Students need to learn that understanding an older patient’s home environment and lifestyle is critical, Chen said. “What in the person’s life is making them fall? If they are missing appointments, what’s going on? Why do they keep missing the bus that will take them here?”

Although her students are generally young, Chen, who says she is ‘in her 30s, finds them receptive to her lessons on empathizing with older adults. “I’ve had students reach out to older adults (they met through the program) and they became friends and would call each other regularly,” she said.

Some medical schools have programs in which students are paired with an older adult. At the University of North Carolina, “senior mentors” meet with students four times during the semester for approximately 90 minutes per visit.
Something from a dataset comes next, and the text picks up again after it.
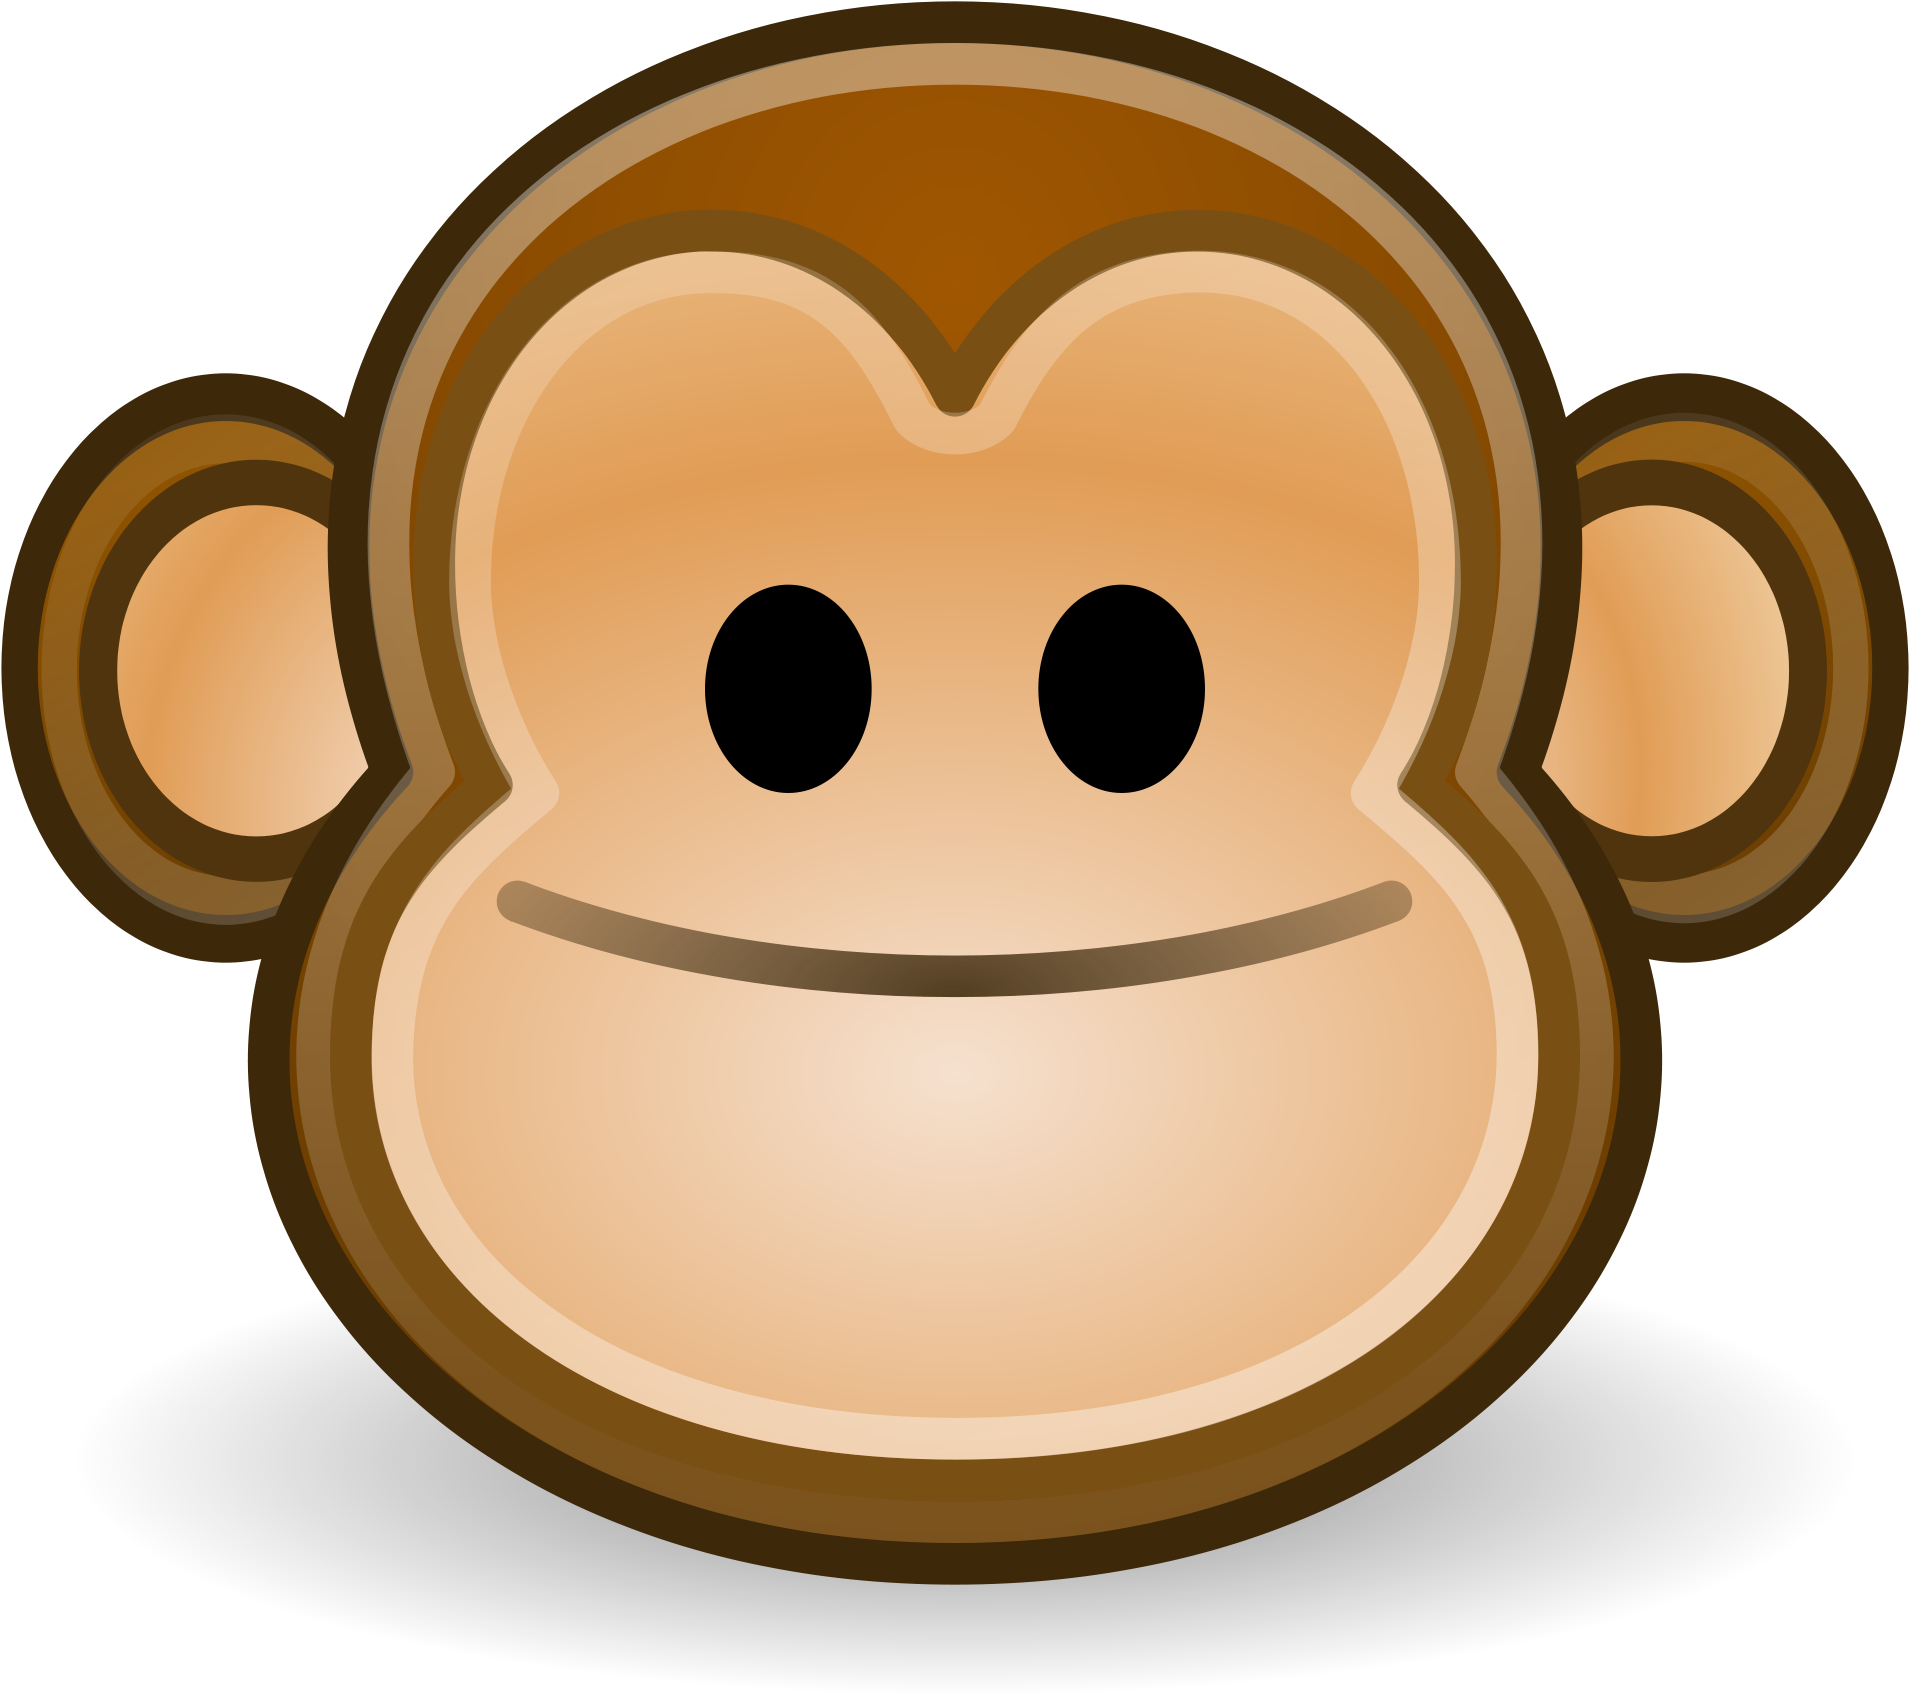 Cartoon Monkey Image 27, - Monkey Face Icon (2000x2000)

Students apply their developing clinical skills during their visits and interviews with their mentors.

According to a story in the New York Times, at least 20 medical schools in the United States have undertaken similar efforts to introduce students to healthy, active elders.

Dr. Ronald Adelman, co-chief of geriatrics at Weill Cornell, told the paper he realized that medical students were getting a distorted view of older adults. “Unfortunately, most education takes place within the hospital. If you’re only seeing the hospitalized elderly, you’re seeing the debilitated, the physically deteriorating, the demented. It’s easy to pick up ageist stereotypes.”